Contract Evaluation Horizon and Fund Performance (with Jung Hoon Lee, Veronika K. Pool, and Feng Zhang)
Semi-finalist for the Best Paper Award in Financial Institution and Markets at the FMA 2024 meeting
The best paper award in the CAFM 2024 meeting
Mutual funds face the risk of withdrawals if they perform poorly in the short term, which encourages manager myopia. We show that fund families can insulate managers from this funding pressure via compensation tied to long-term fund performance. Managers with long-horizon contracts are more likely to undertake long-term investments and outperform their constrained peers. Since long-horizon pay does not shut off the funding pressure but simply insulates the manager from it, not all families can offer these contracts. Long-horizon contracts are more prevalent in families that cater to patient investors and have more resources to buffer liquidity shocks.
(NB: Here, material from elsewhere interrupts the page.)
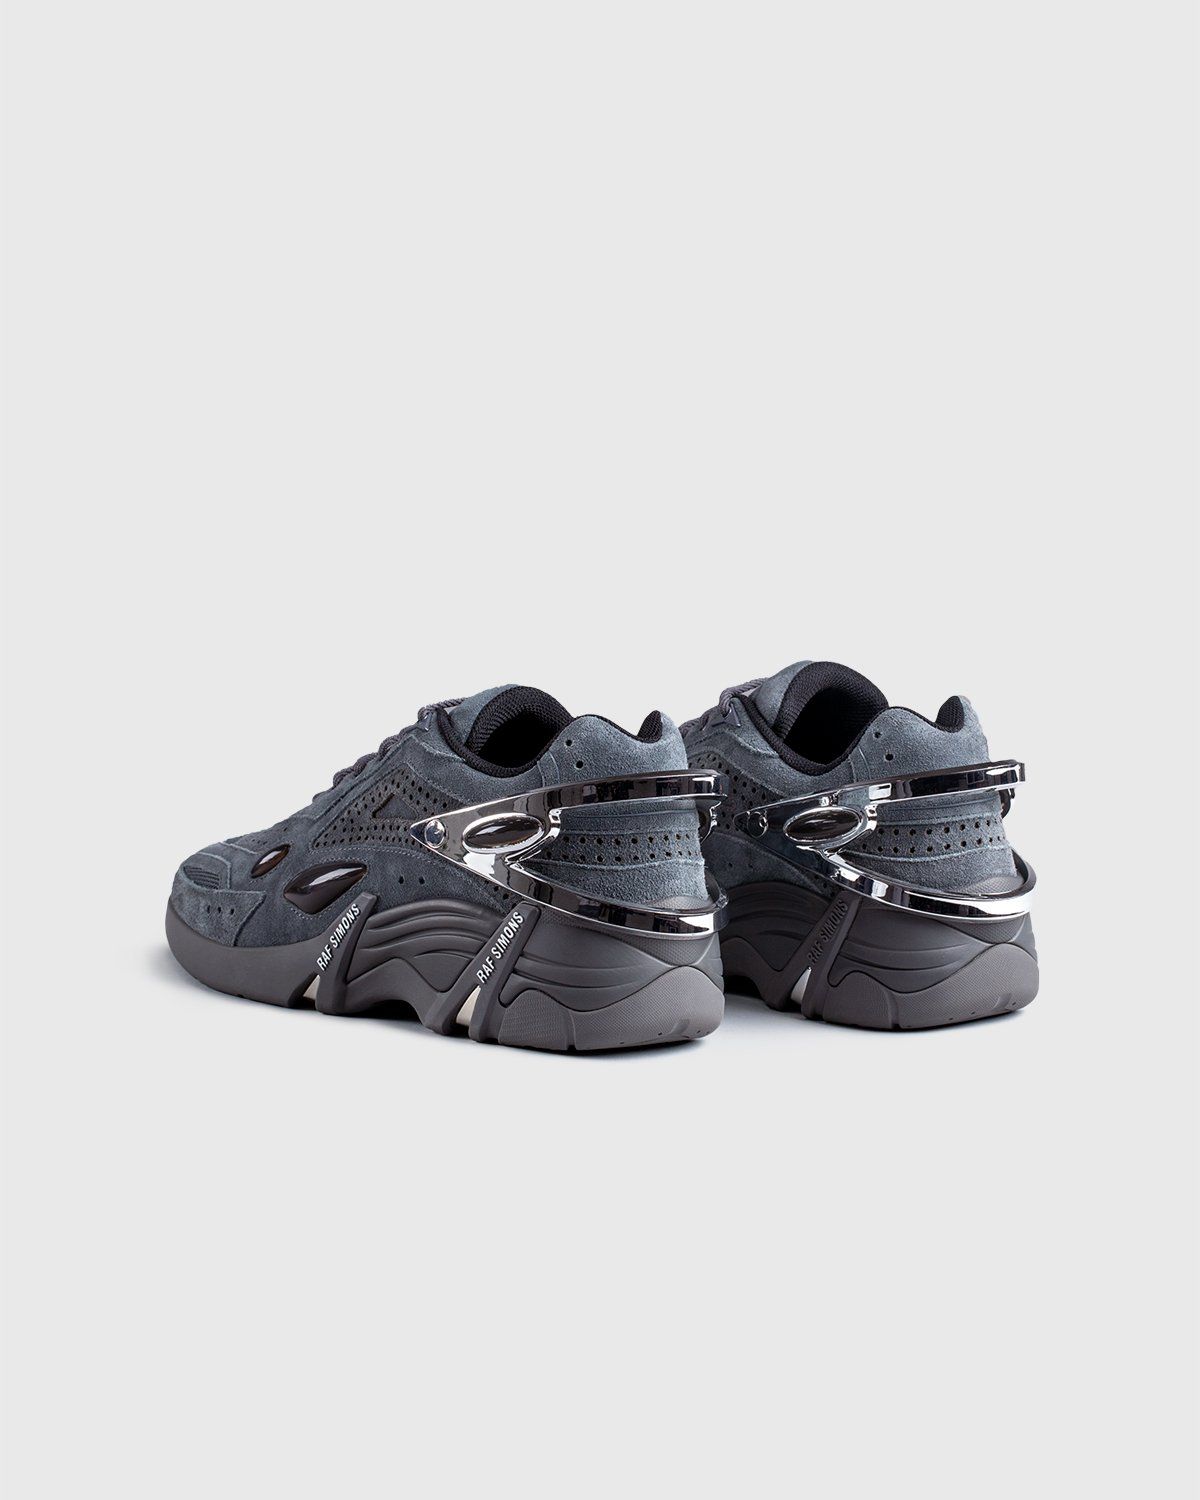 Raf Simons – Cylon Grey - Low Top Sneakers - Grey - Image 4

Cross Trading in the Corporate Bond Market (with Lina Han, Stacey Jacobsen, and Veronika K. Pool)
We examine cross-trading by mutual funds in corporate bonds. Because internally matched trades are not observable, we construct two measures that rely on reported trade volume and opposite-signed trades within a family. We find that cross-trading is common—more than 5% of bond-family-quarters have positive indicators. There is large variation across families and higher crossing activity for illiquid and hard-to-obtain bonds. Cross-trading is particularly elevated around demand shocks (e.g., maturity cutoffs and credit rating changes), indicating that cross-trading is beneficial in times of stress. We document large transaction cost savings, although these savings have diminished following a new regulation that significantly limits cross trading in corporate bonds.
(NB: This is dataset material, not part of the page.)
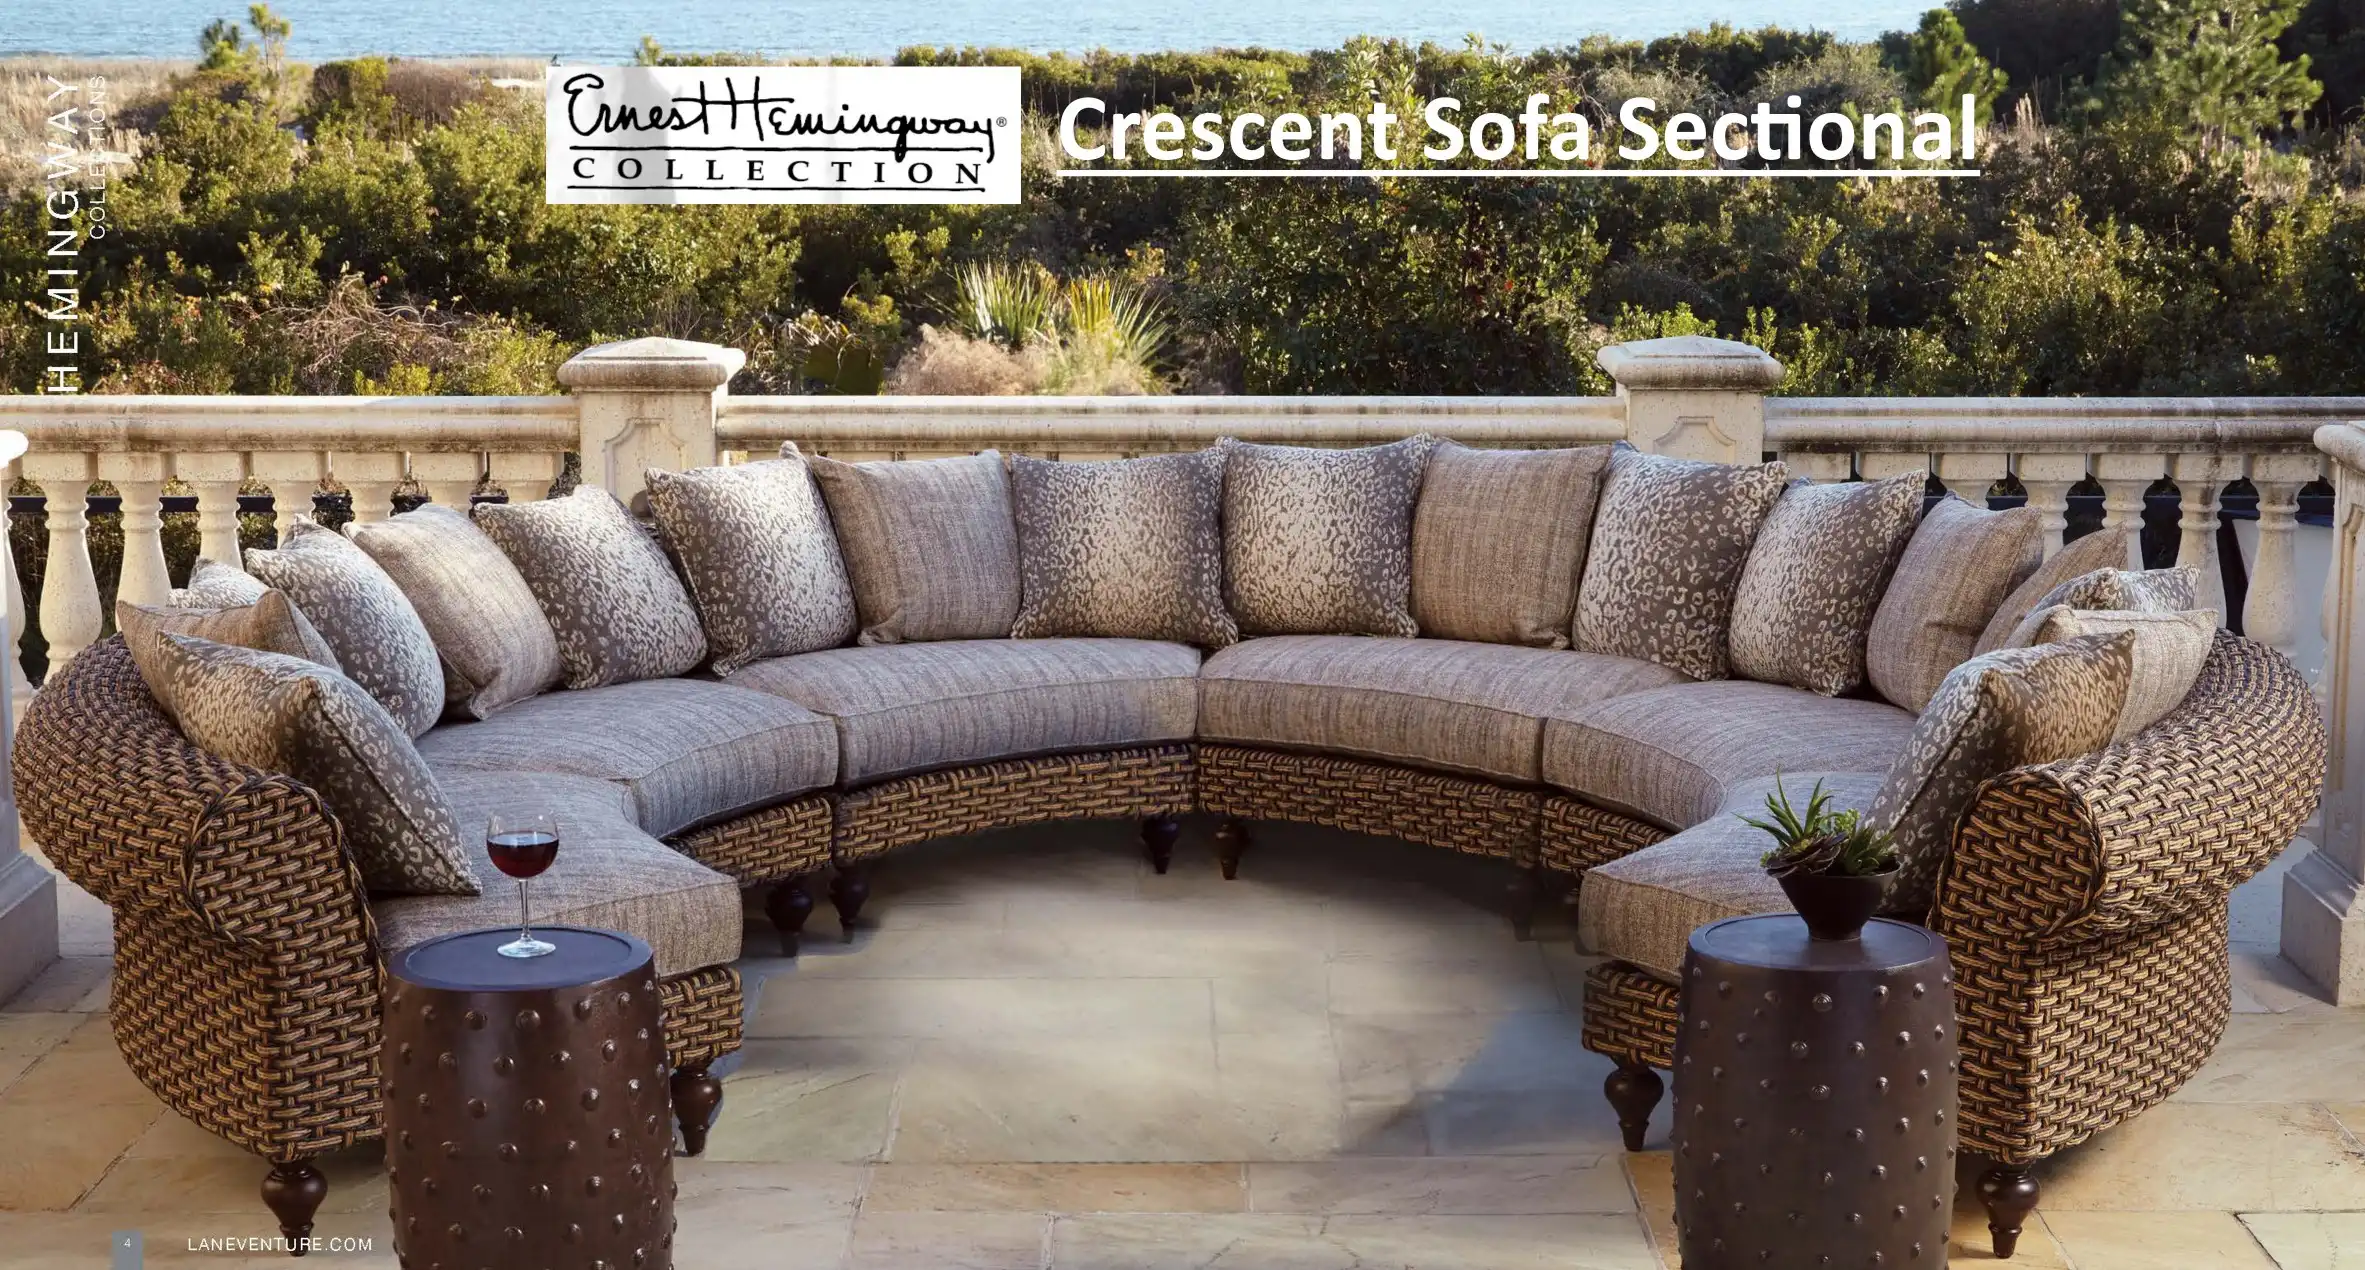 ERNEST HEMINGWAY Crescent Sofa Sectional by Lane Venture

Price Discovery in the Stock, OTC Corporate Bond, and NYSE Corporate Bond Markets (with Craig W. Holden and Yifei Mao)
This paper examines intraday price discovery in three closely-related U.S. markets: stocks, Over-The-Counter (OTC) corporate bonds, and New York Stock Exchange (NYSE) electronically-traded corporate bonds. We calculate Hasbrouck's (1995) information share in these three markets during three times of day (pre-open, regular, and post-close) over eight years. We find that OTC corporate bonds have an 8.1% information share despite having zero pre-trade transparency. Further, NYSE corporate bonds have a 31.5% information share despite having a low market share, due to the public display and continuously updated bid-ask quotes that can be hit at any time. Corporate bond information shares are inversely related to credit quality and relatively constant over time. OTC corporate bond information shares are much smaller in pre-open and post-close hours. These findings are consistent with multi-security informed trading theory and the Merton (1973) corporate bond model.